Митроха оглянулся на Кирьяка, удалявшегося в направлении нашего стана; старшая кузнецова дочь пошла следом, подметая подолом влажную траву; на приличном удалении, но той же тропой.
– А, – сказал кривоглазый дед. – Понятно. Конечно, пойдём, я не против… Я и сам хотел…
И ухмыльнулся: всё понял.
Мы перемотали обувь.
От пива, выпитого в доме кузнеца, моя голова приятно шумела – хотелось сделать себе какой-то подарок, порадовать нутро: например, выпить ещё. Или искупаться. Или хлеба свежего пожевать. Или поглумиться над кем-то, беззлобно, исключительно ради озорства; родить в людях смех.

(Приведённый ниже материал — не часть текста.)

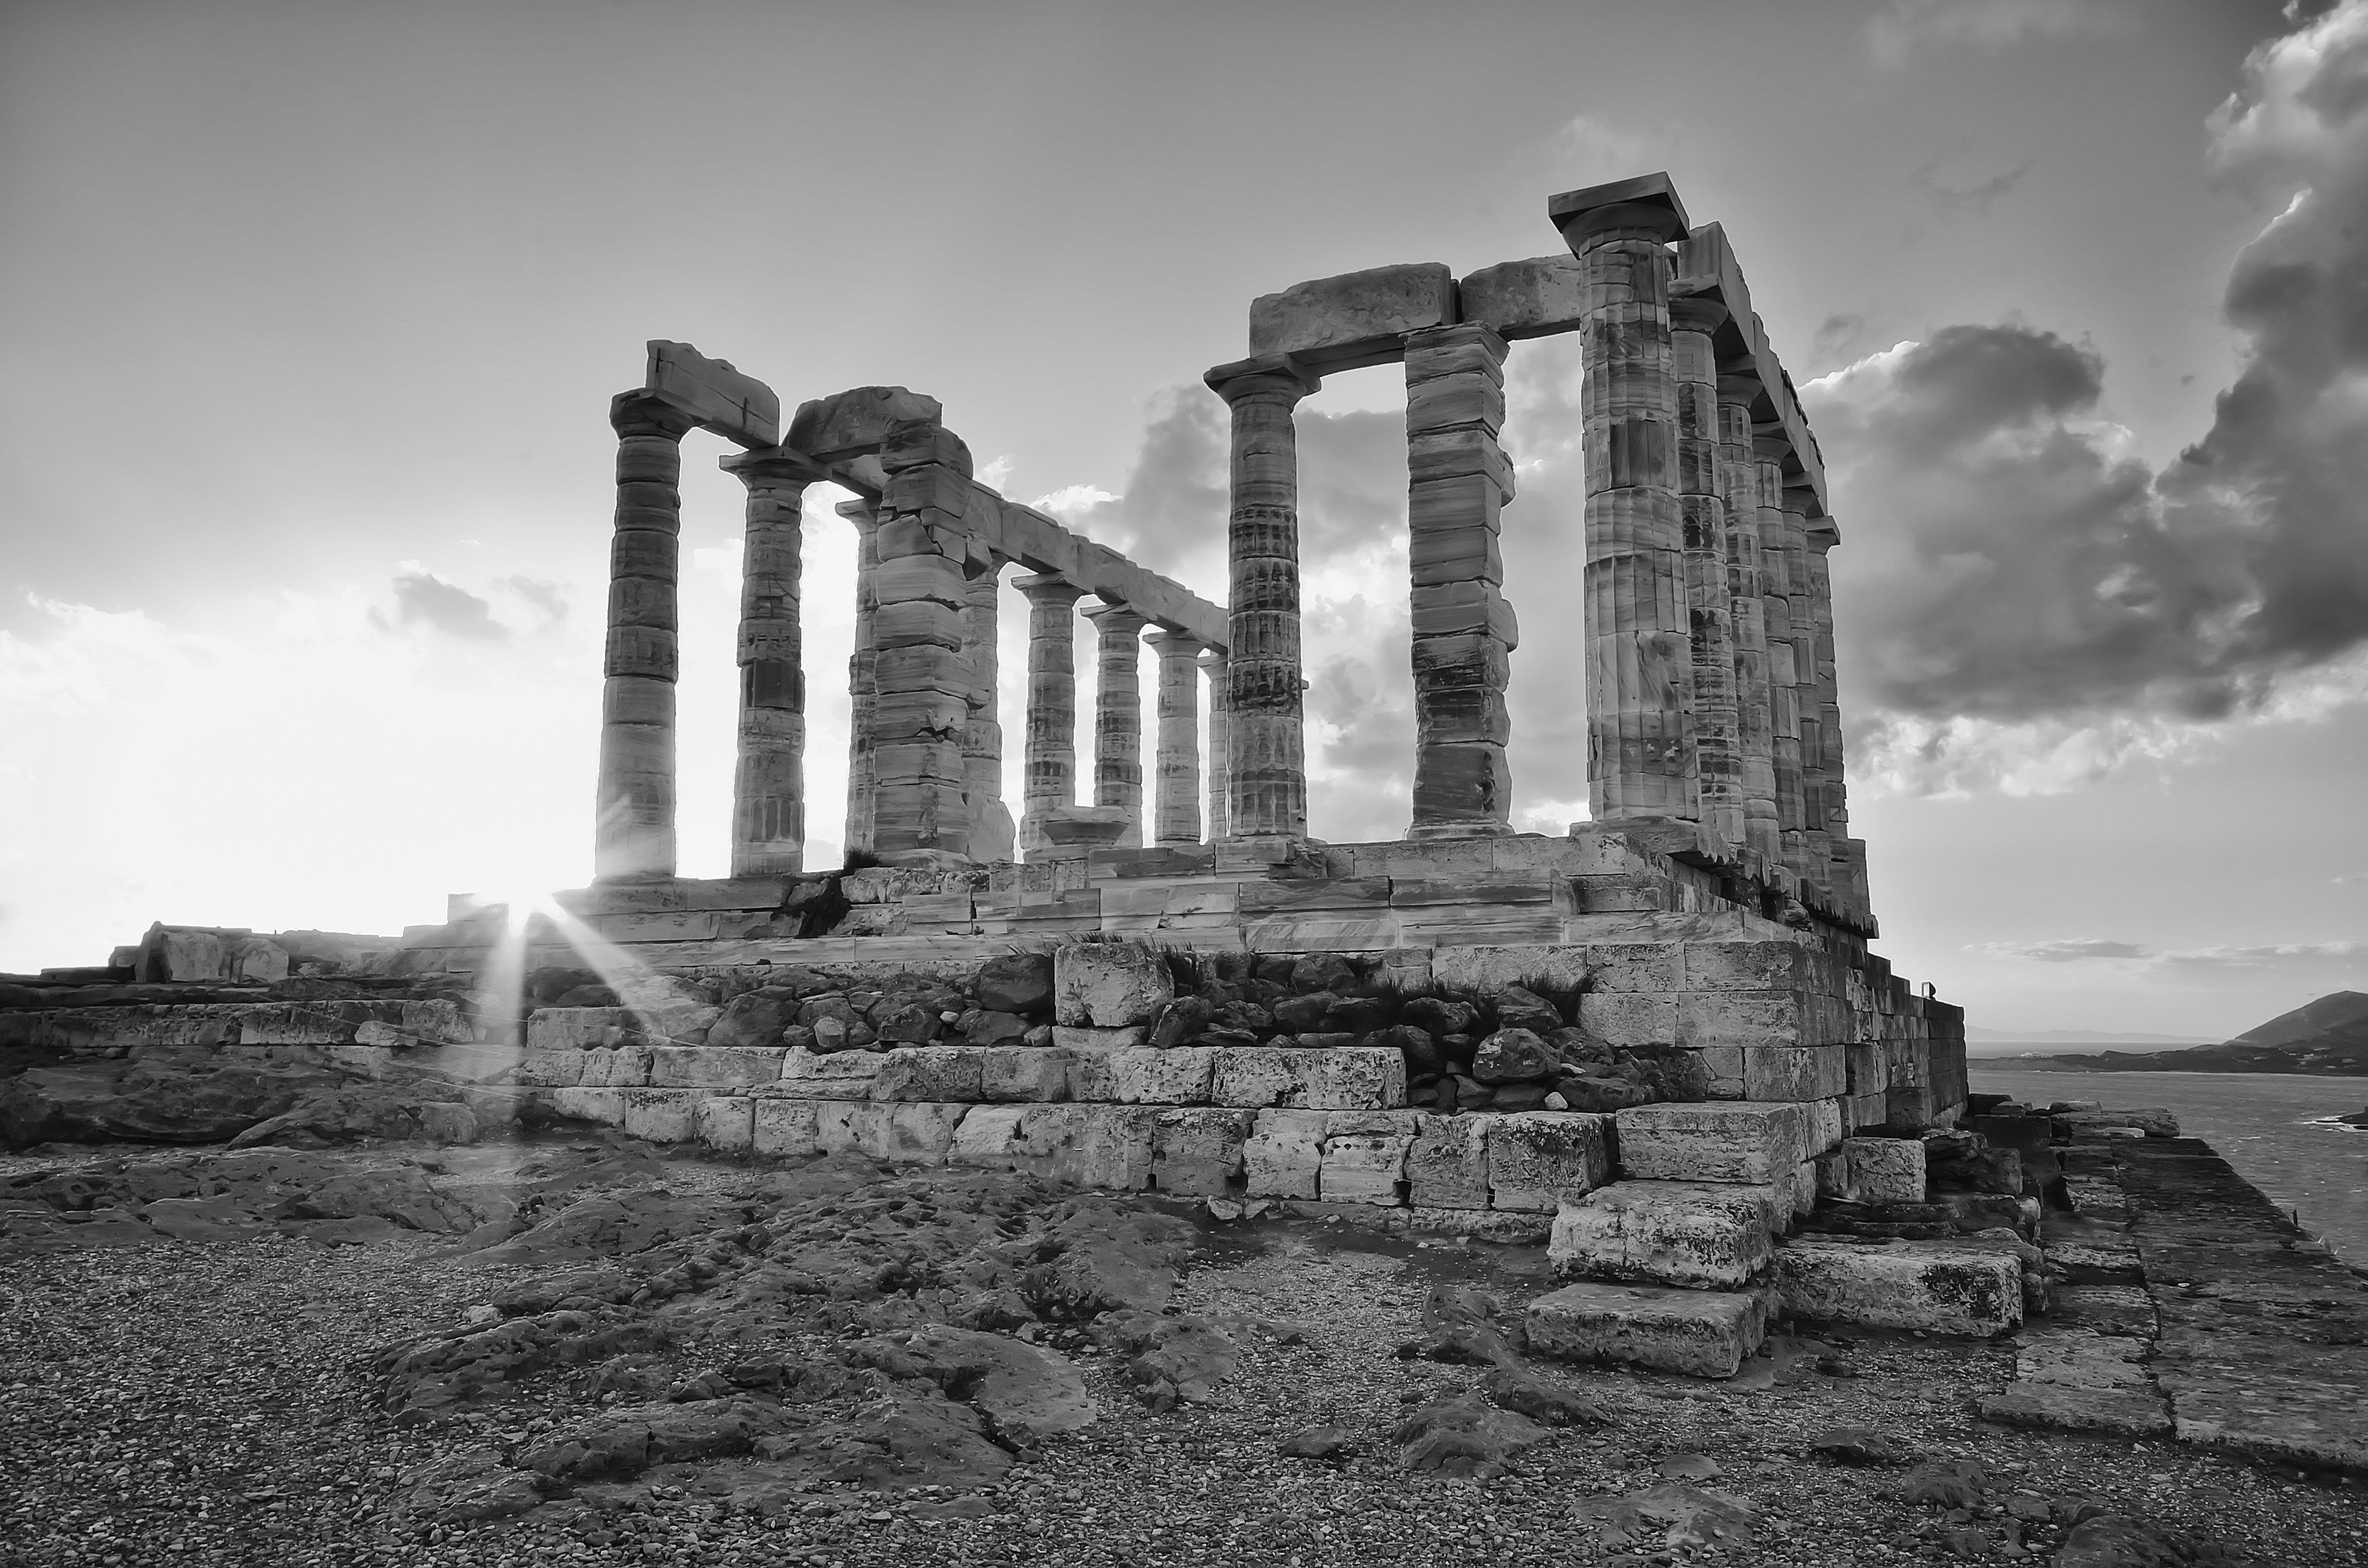 «Είναι απογοητευτικό να χρειάζεται υπουργική παρέμβαση για ένα αίτημα γυρισμάτων σε αρχαιολογικό χώρο», απαντά η Ελλ. Ακαδημί...

Пошли по тропе вверх по оврагу.
– Твой друг своего не упустит, – сказал Митроха, шагая рядом со мной. – И серебро взял, и девку.

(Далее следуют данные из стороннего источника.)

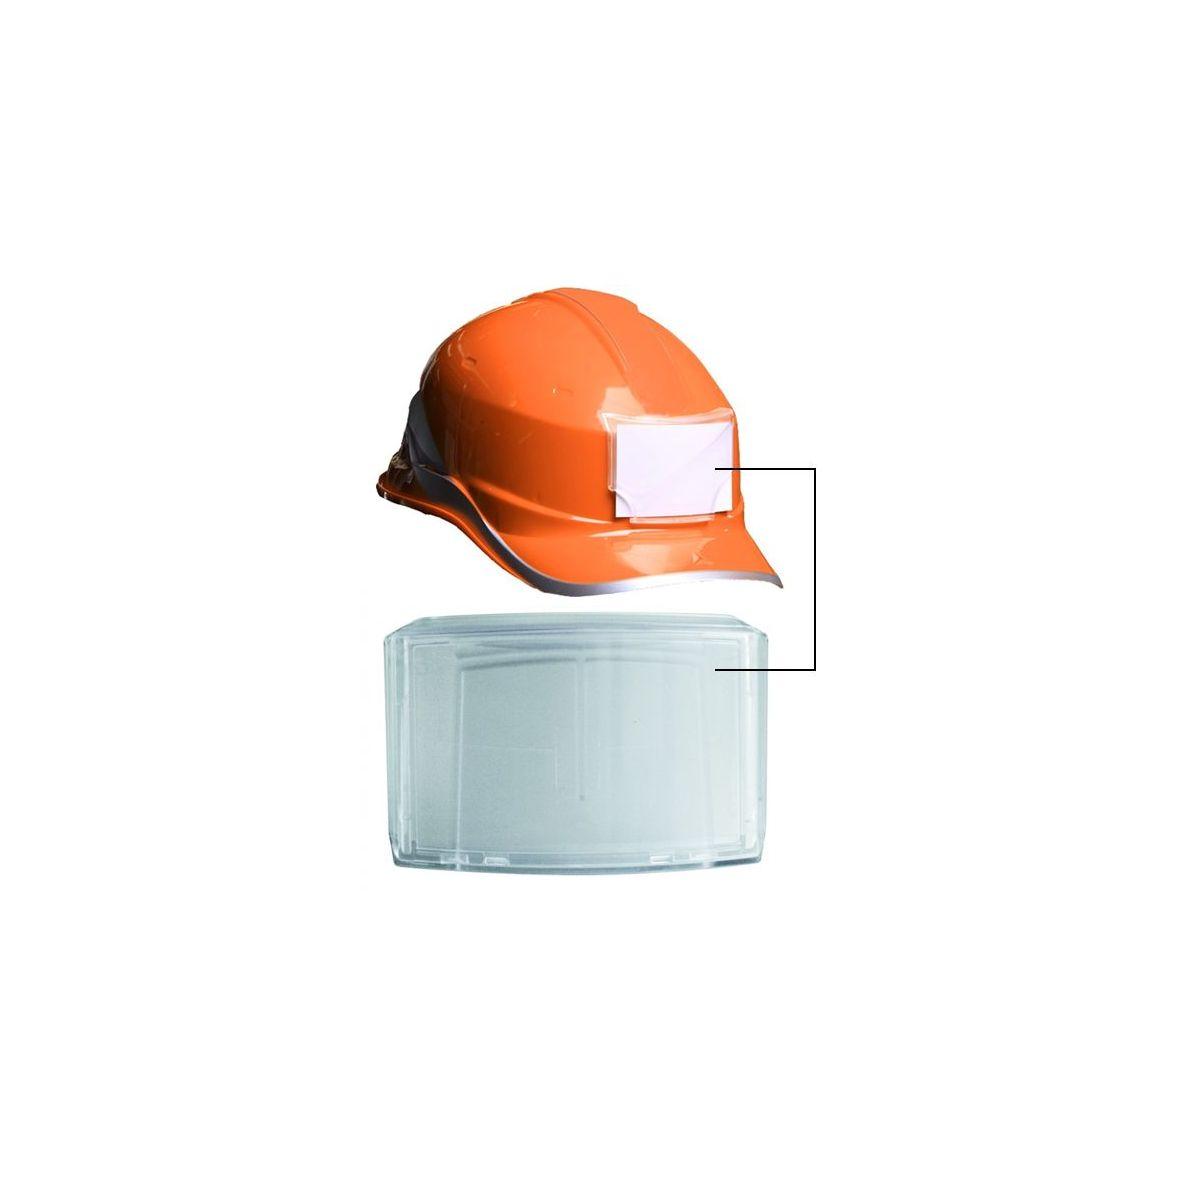 cheap sale the latest factory authentic Porte badge adhésif pour casque de chantier 85x 54 mm

– Это не твоё дело, – ответил я. – Он всегда берёт, что можно взять.
Мы двинулись в сторону посада.
– Надо решить, что делать дальше, – сказал я. – Ты пойдёшь с нами? Или до дома?
– А зачем куда-то идти? – спросил Митроха. – Будем ходить туда-сюда – зря потратимся. У нас уже есть урок на осень. Тот Велибор, богатый мальчик, хочет, чтоб мы осенью сделали новое гульбище. Останемся в Резане. Осенью заработаем по полторы серебряных деньги на каждого. Лучше и придумать нельзя. От добра добра не ищут.
Старик говорил уверенно и коротко: он явно полагал себя полноправным участником нашей ватаги, как будто ходил с нами не первый год. И в его словах я уловил надежду и просьбу.
Дед Митроха не хотел расставаться с нами. Он мечтал, что мы позовём его третьим в шайку.
– Осенью, – сказал я, – всё изменится. Другая жизнь будет. Хлеб поспеет. Грибы пойдут. Охота начнётся. Князья вернутся из походов. Степняки приедут, торговля загудит. Доходы, деньги, сытые недели. А мы не лучшие глумилы в этих землях. И у нас не самые лучшие бубны. Сюда придут другие глумецкие ватаги. Я не уверен, что нас наймут на осенние праздники.